Essentially, a hit counter is a kind of beauty contest—with blind judges. The number represented is not necessarily the number of people who've visited your page. At best, it's a wildly inaccurate estimate. Why are these counters so inaccurate? I can think of several reasons.

First, no rule says that a hit counter has to start at 0. When you were issued your last checkbook, was the first check #1? More likely, when you ordered the checks, you were allowed to pick the starting sequence number. If you're smart, you'll pick a high number so that it appears as if you have a long-standing account with the bank. A low number will make store clerks look twice at your ID and maybe consider not taking your check at all. Web site operators frequently set the hit counter initially high to make their sites look more "popular" than they really are.

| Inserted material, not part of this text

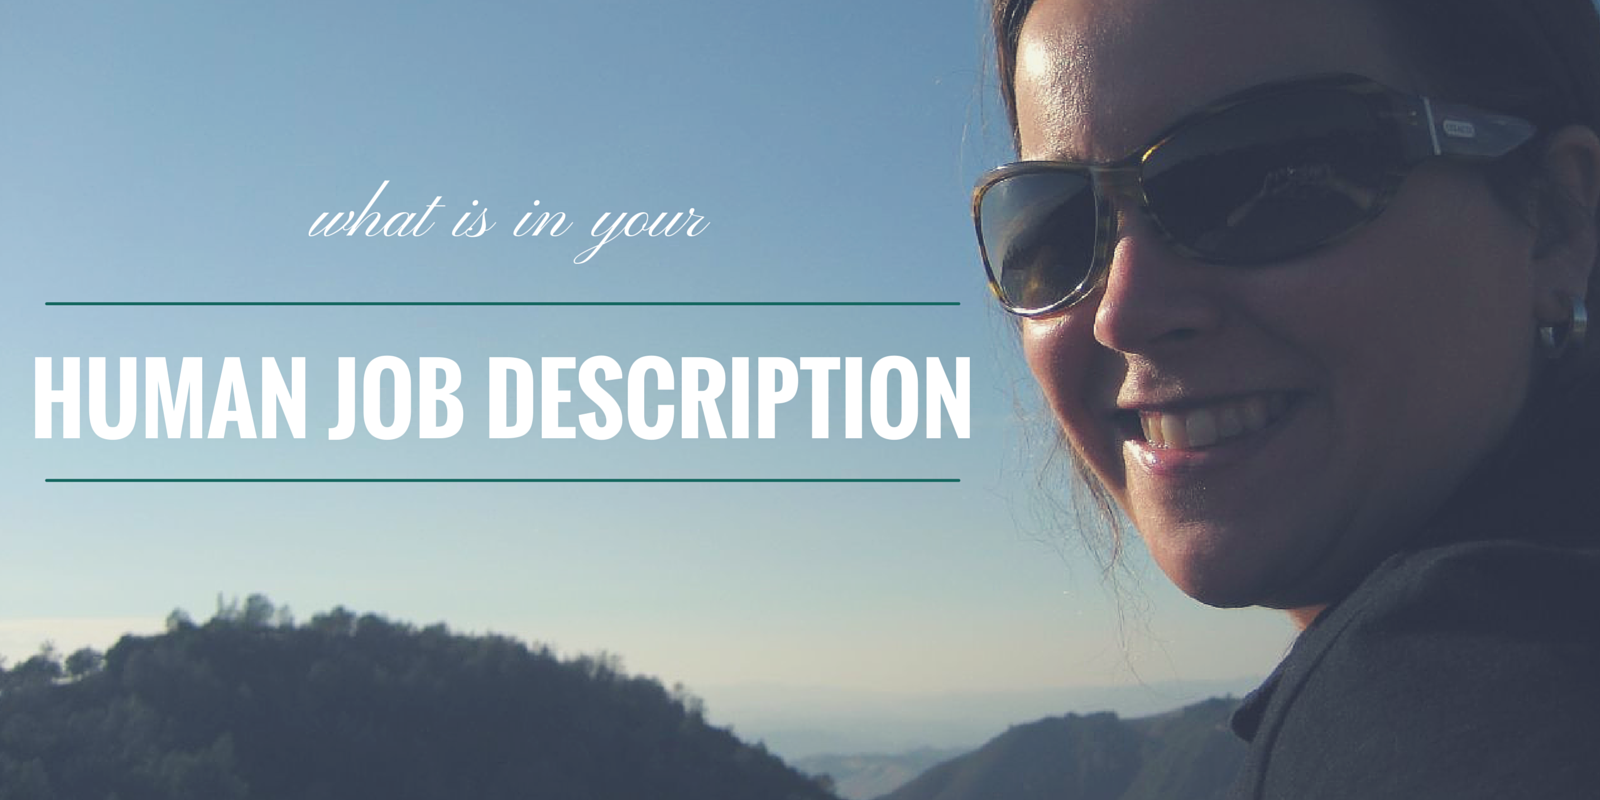 what's in your human job description?

Figure 23.3. Sample of a hit counter.


The second problem with hit counters is Web robots—also called spiders, crawlers, and so on. These automatic processes search the Web for data, sometimes simply to look for a specific piece of data and sometimes to build indexes of interesting Web sites. Have you ever wondered how AltaVista, Google, or HotBot build their indexes? They search the Web, fetch pages, and ultimately make hit counters go higher than they really should be.

The next problem is the Refresh button on Web browsers. Every time your page is "refreshed," the hit counter goes up a notch. You're not really measuring the number of "visitors" to your site if someone hits the reload button, are you?

Last—and most important—is the caching problem. In Hour 17, "Introduction to CGI," you saw a diagram of how the browser communicates with the Web server. It left out an important detail, which is shown in Figure 23.4.

If the Web browser is located within the domain of a large ISP such as aol.com or home.com with many millions of subscribers, that ISP uses something called a cache proxy. A cache proxy is a stand-in between your Web browser and the Web server. When you fetch a page, the request is sent to the proxy, which actually fetches the page for you over the Internet and sends it back to your browser—after it stores a copy of the page for itself (see Figure 23.5). If someone else in the same domain fetches the page, the proxy doesn't bother refetching the page over the Internet; it uses its saved copy.

Figure 23.4. Proxy server fetching the page for the browser.


Figure 23.5. Proxy server retrieving a page from its cache.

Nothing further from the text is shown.